DIRECTIONS FOR THIS TASK
Here is a listing. Write it all out again exactly, but not its pictures.

AVAILABLE DATA
-----
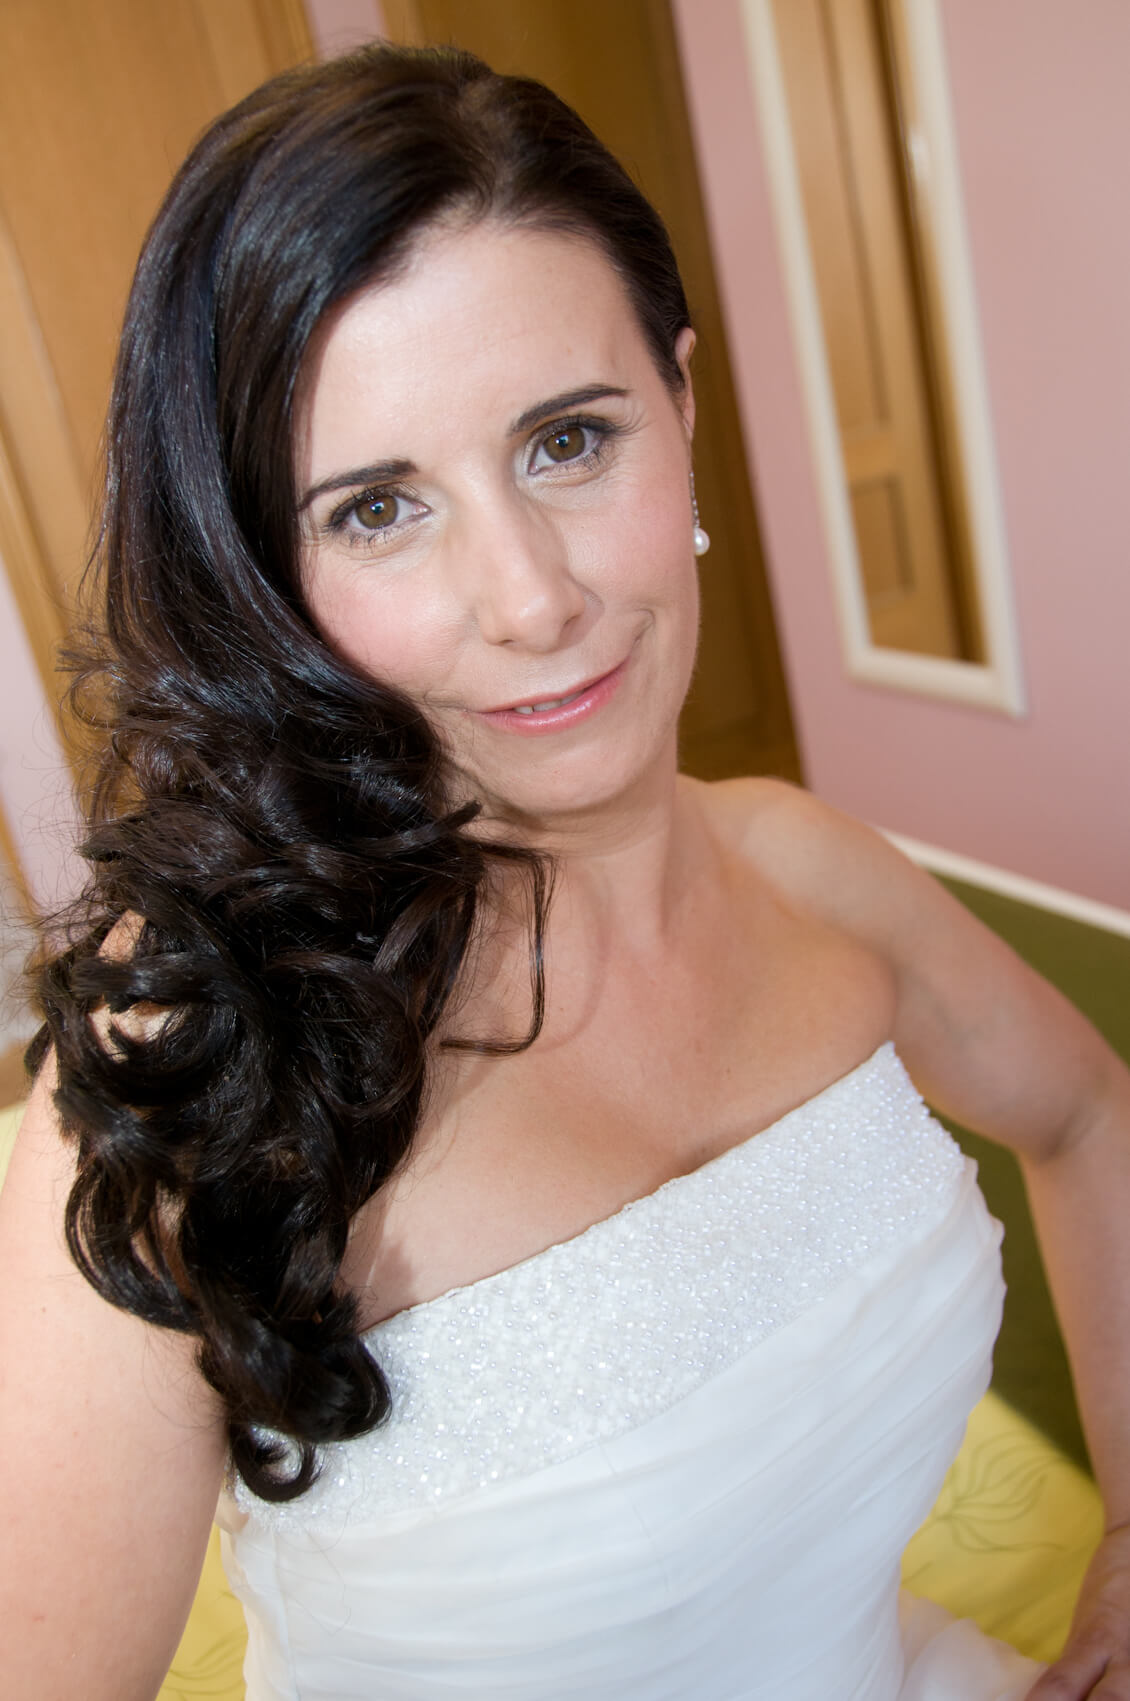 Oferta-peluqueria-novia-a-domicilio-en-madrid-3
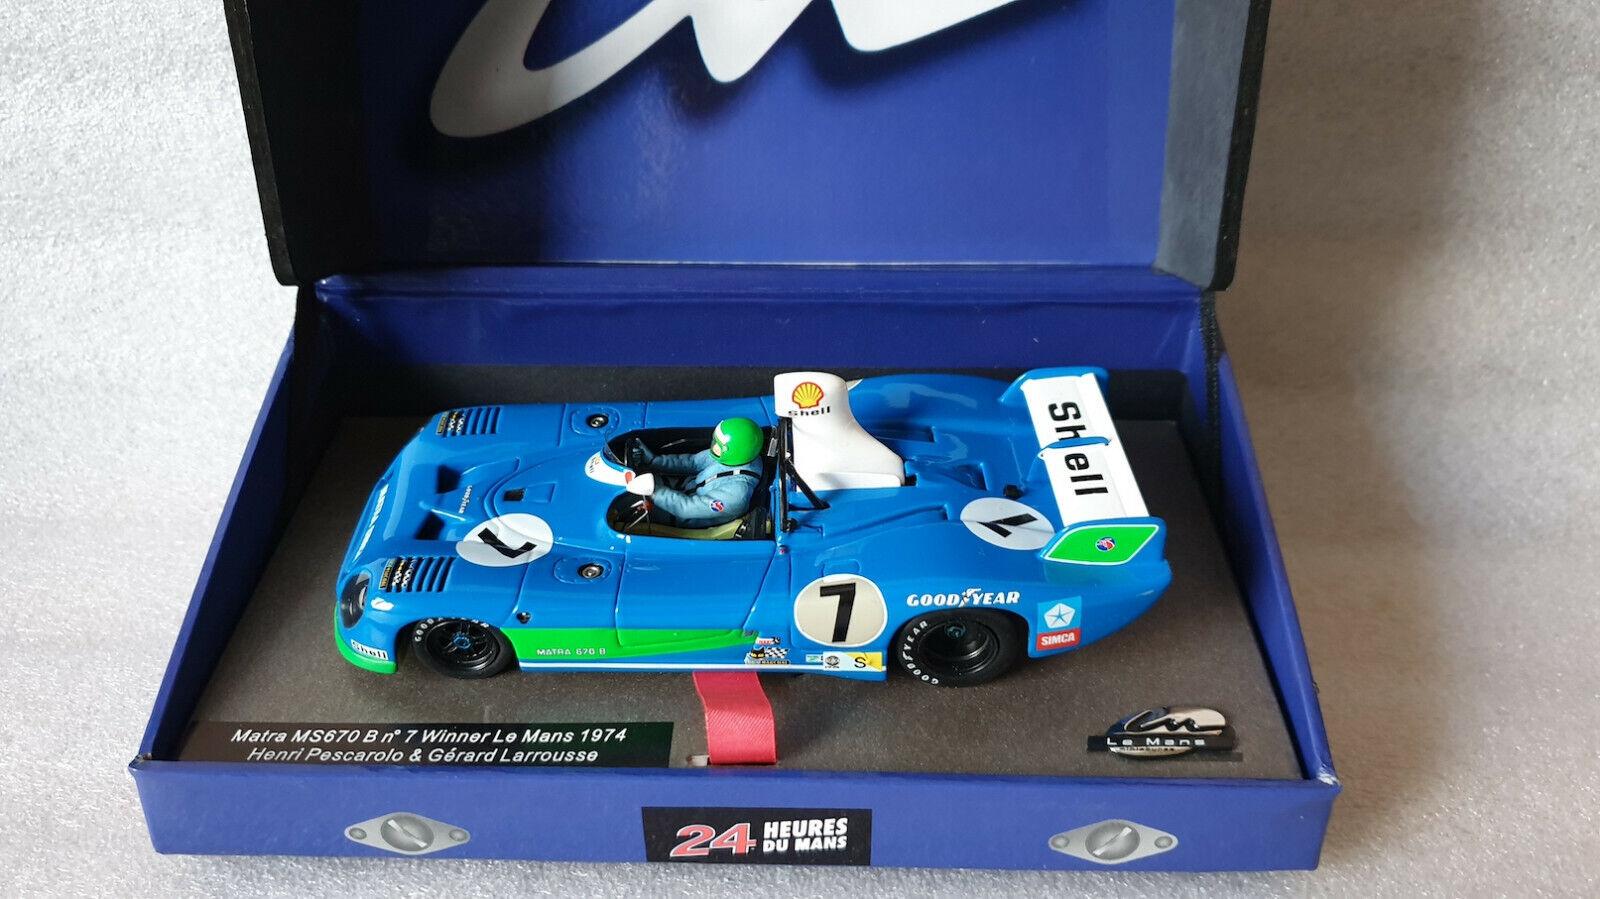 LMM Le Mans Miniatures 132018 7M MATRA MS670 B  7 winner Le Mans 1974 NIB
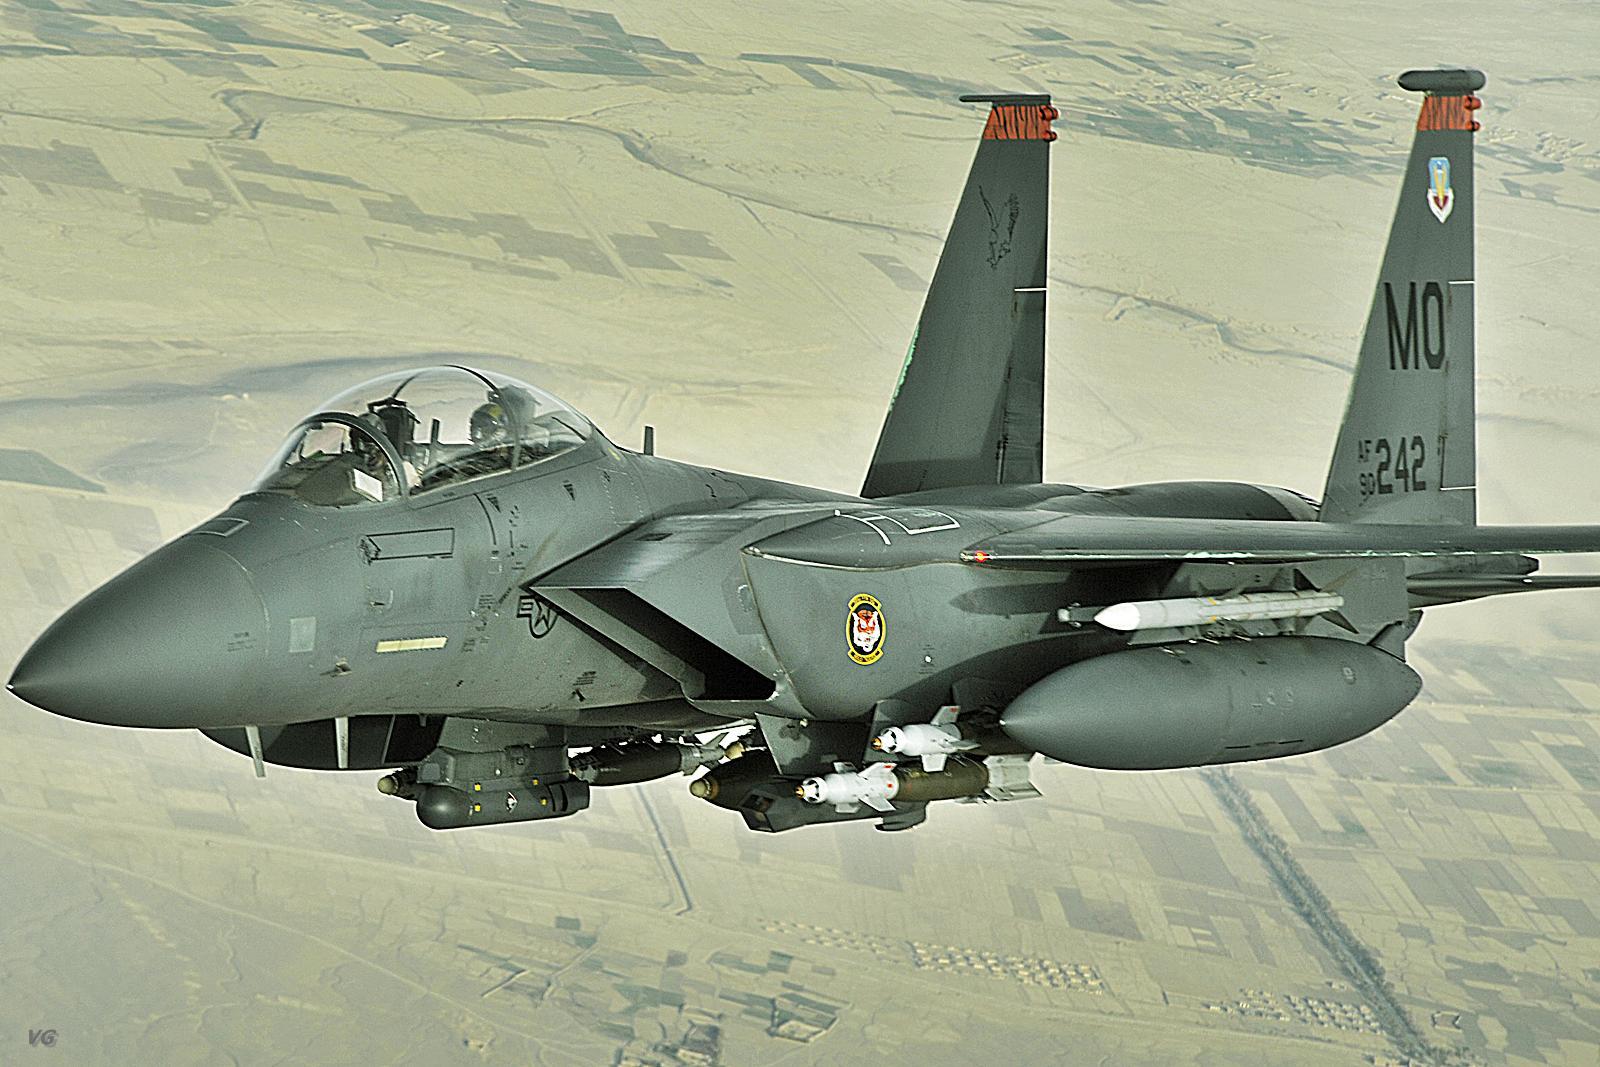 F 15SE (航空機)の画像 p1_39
-----
SOLUTION
 Oferta-peluqueria-novia-a-domicilio-en-madrid-3
 LMM Le Mans Miniatures 132018 7M MATRA MS670 B  7 winner Le Mans 1974 NIB
 F 15SE (航空機)の画像 p1_39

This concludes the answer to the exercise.